Logo OKDPOKDP

The modern open source data platform

A free, open-source, and cloud-native data platform designed for Kubernetes

View on Github

OKDP is an open source and free data stack designed and implemented for Kubernetes under apache V2 licences. Openness and adaptability are key considerations in the design of the Open Kubenetes Data Platform. It offers you a handpicked collection of the top open-source data technologies, like Apache Spark, Jupyterhub, and Trino with a native and full Kubernetes integration.

OKDP has a different strategy than other existing options, which either promote their proprietary solutions or increase vendor lock-in. Every data layer in OKDP is quickly addable or removeable and can operate everywhere: on-premises or in the private and public cloud.

TOSIT, The Open-Source I Trust

TOSIT is an association that promotes community-driven initiatives to create truly open-source technologies and platforms.
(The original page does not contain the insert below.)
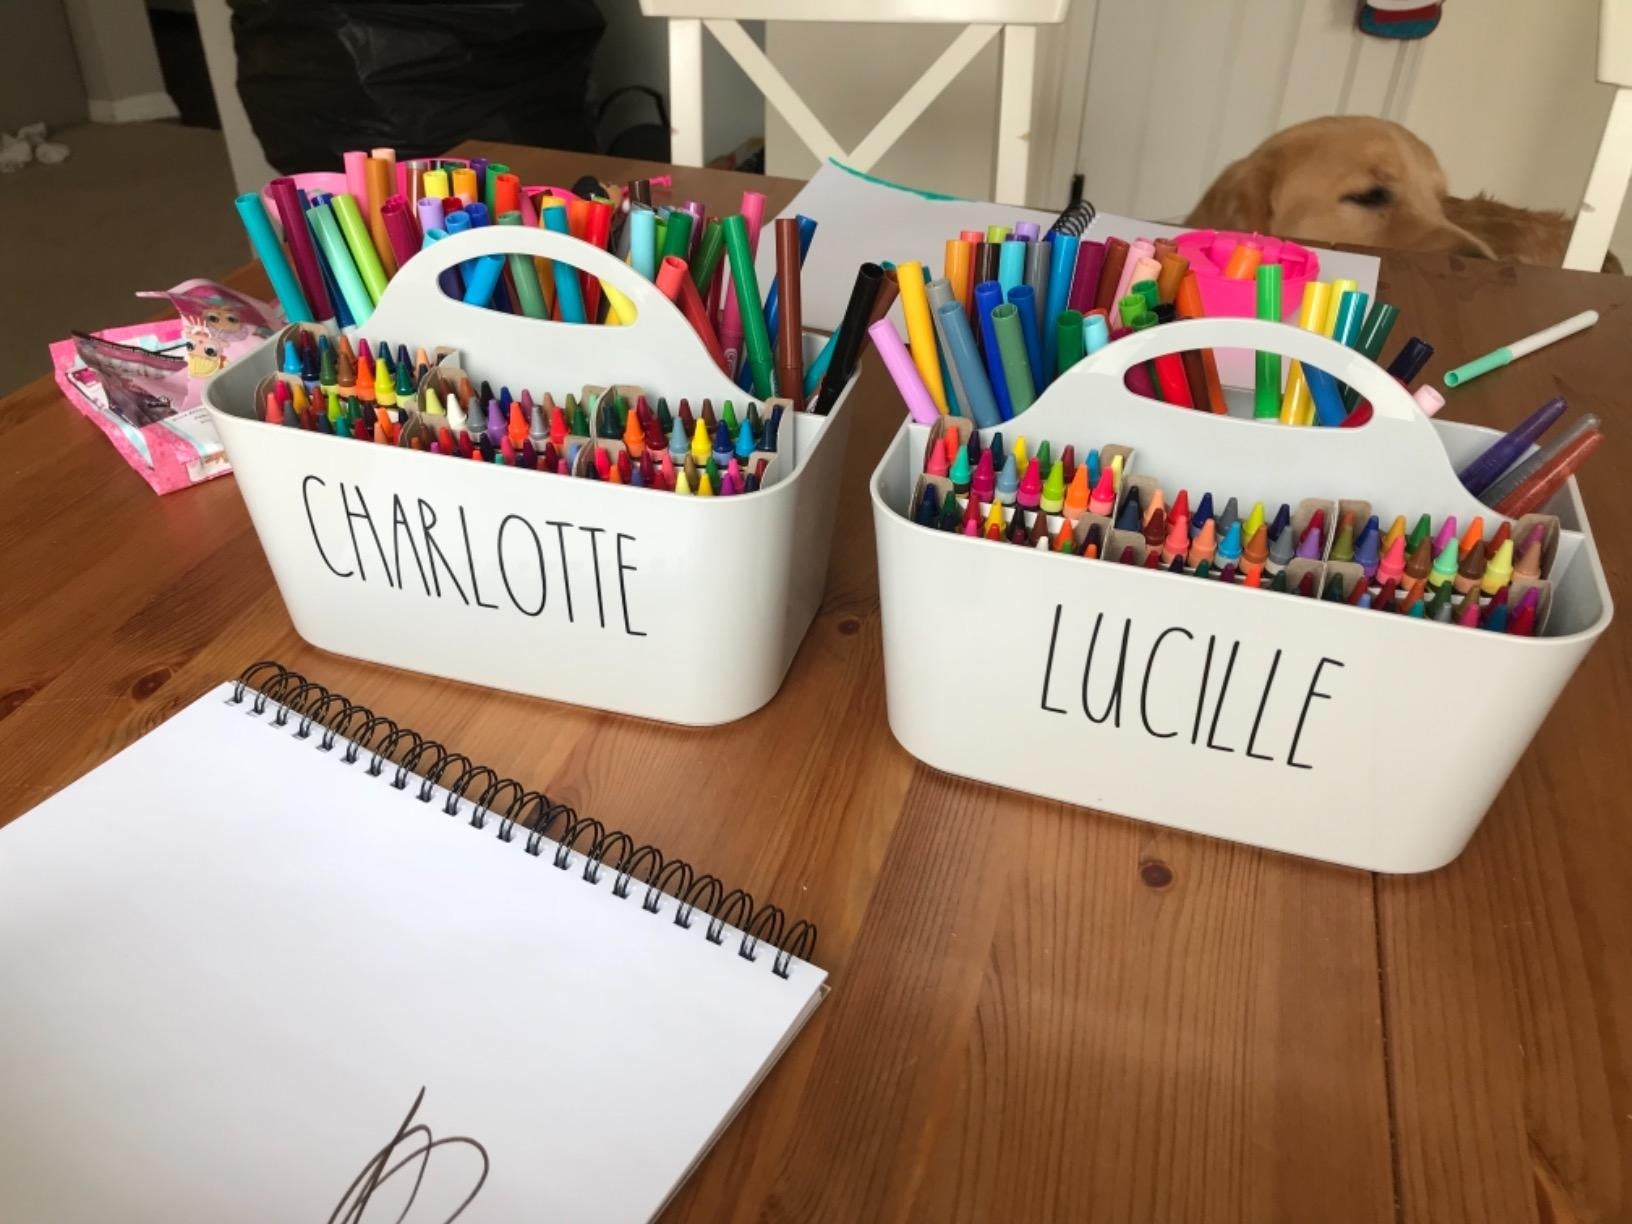 37 Back To School Items That Make Everyday Life Easier - 22 Words

The association brings together numerous companies and administrations including DGFiP (Direction Générale des Finances Publiques), BPCE (Banque Populaire, Caisse d'Epargne et Natixis), Société Générale, among others.

OKDP is currently mainly implemented and managed by DGFiP.
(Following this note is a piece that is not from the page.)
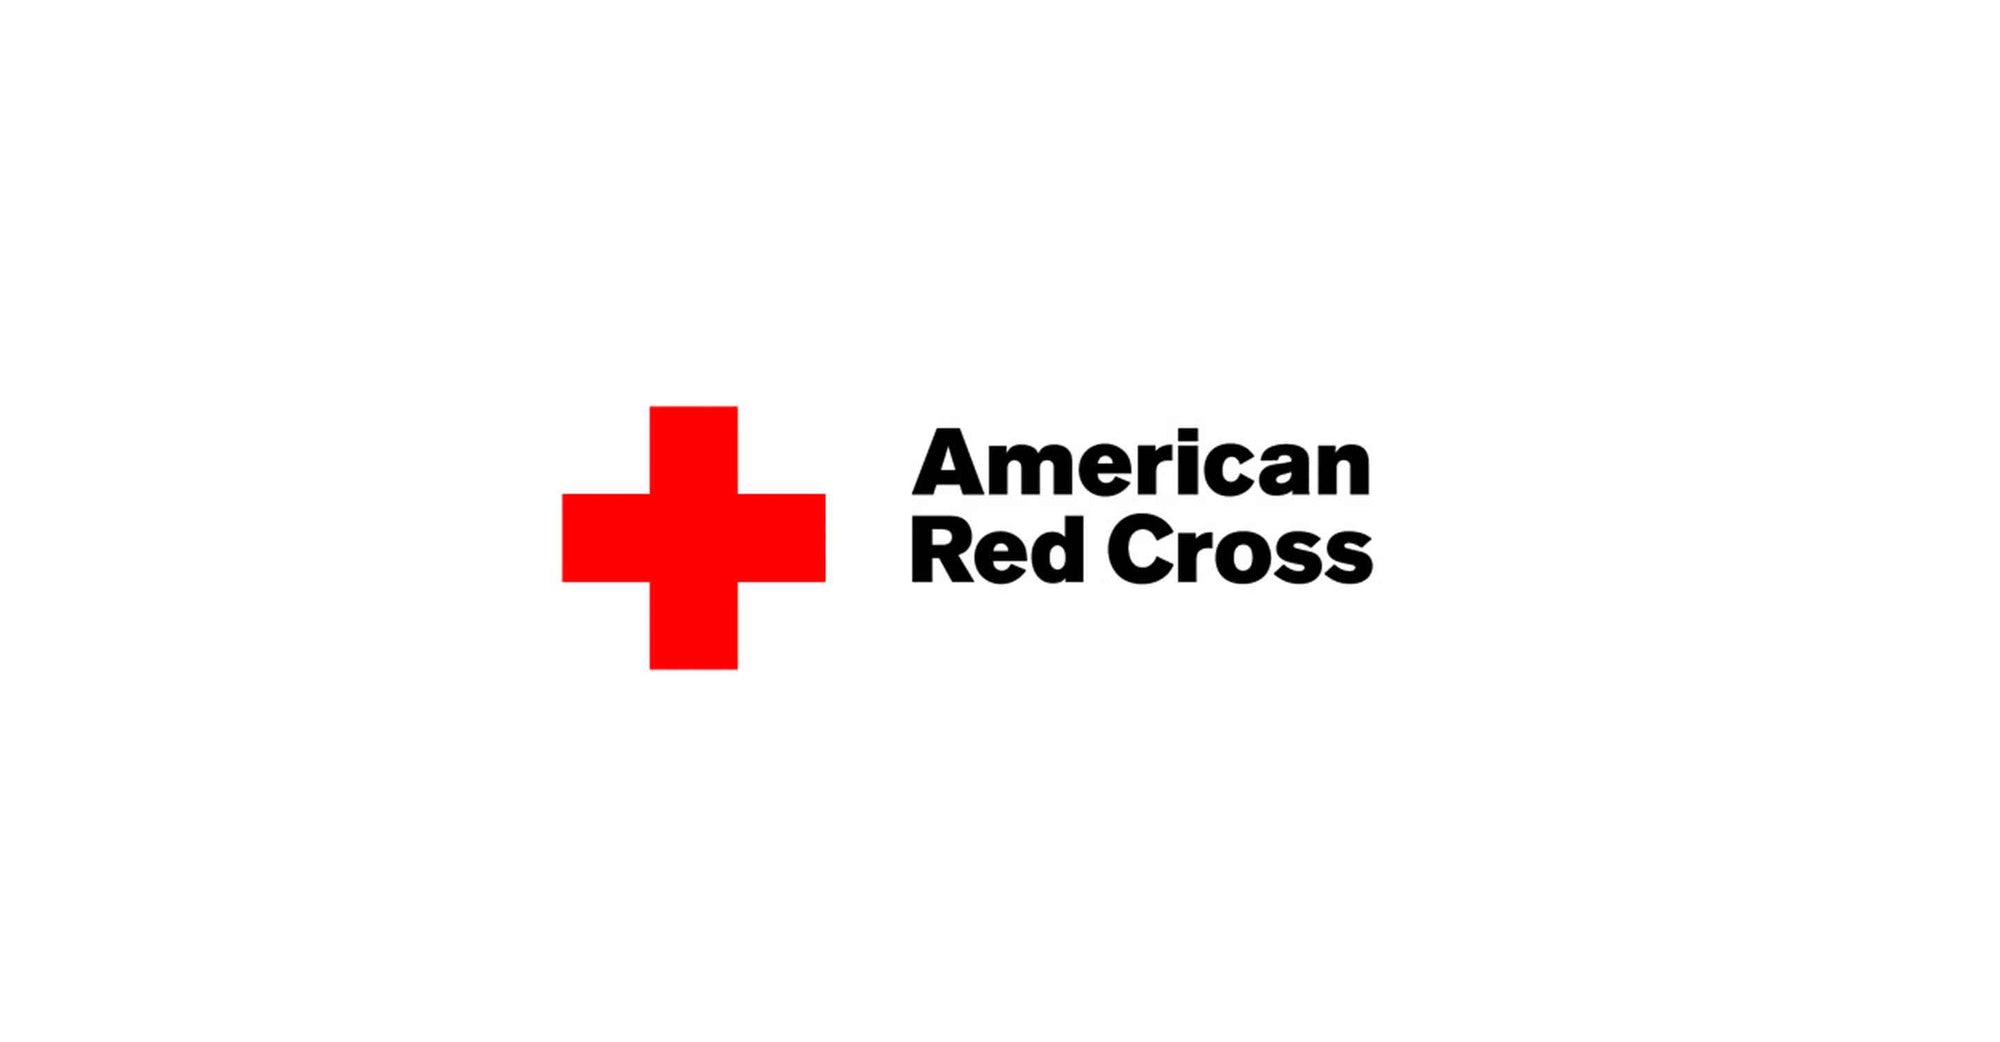 IQAir works with the American Red Cross during the Southern California wildfires

Participation in OKDP is open to all, with the aim of ensuring that the technology stack is accessible, efficient, and powerful for everyone's.

Features

  • Data Centric

    OKDP aims mainly to provide different data technologies covering a wide range of architecture patterns like data mesh, data fabric, etc. by respecting data lifecycle.

  • Cloud Native

    OKDP architecture decomposes components into loosely coupled services to help manage complexity and improve the speed, agility, and scale of software delivery.

  • Open Source

    All the source code of the components in use is available on our GitHub with a compatible Apache license.

  • 100% Free and Community Driver

    All the technologies and services delivered by the TDP project are free of use. It is built by its users to answer critical business requirements.

  • Production Readiness

    OKDP ships components with a proven track record in terms of performance and community engagements. No trade-off on security and stability, development and initial support in secure mode and in HA with the aim of simplification and efficiency.

  • Technological Independence

    Full or unit deployment control without vendor lock-in and in compliance with local regulations.

  • Environment Agnostic

    OKDP targets multiple environments including public and private clouds as well as on-premise bare metal infrastructures.

  • Automatic Build

    Every service/component's release is built from a reference branch on the GitHub repository using Github Actions and act for local build.

  • Automatic deployment

    All components/services are deployed automatically with a native integration.

Architecture

These tools and platforms form an integral part of the OKDP architecture.

Roadmap

  1. JupyterHub: On-Demand Notebooks

    • Automatic building of JupyterLab images via GitHub Actions.
    • Providing a customized HELM chart based on the Jupyter Community's one.
  2. Apache Spark : A large-scale data analytics engine

    • Development of an authentication module for Spark History Server and Spark UI, including its release management to Maven Central.
    • Provide a customized HELM chart for the Spark History Server.
    • Provide customized OKDP images.
  3. Trino & Superset

    • Provide customized HELM chart.
    • Provide OKDP images.
  4. OKDP Sandbox with User Guide

    • Provide a sandbox to deploy OKDP components locally.
    • Provide a User Guide documentation to deploy OKDP components on a kubernetes cluster.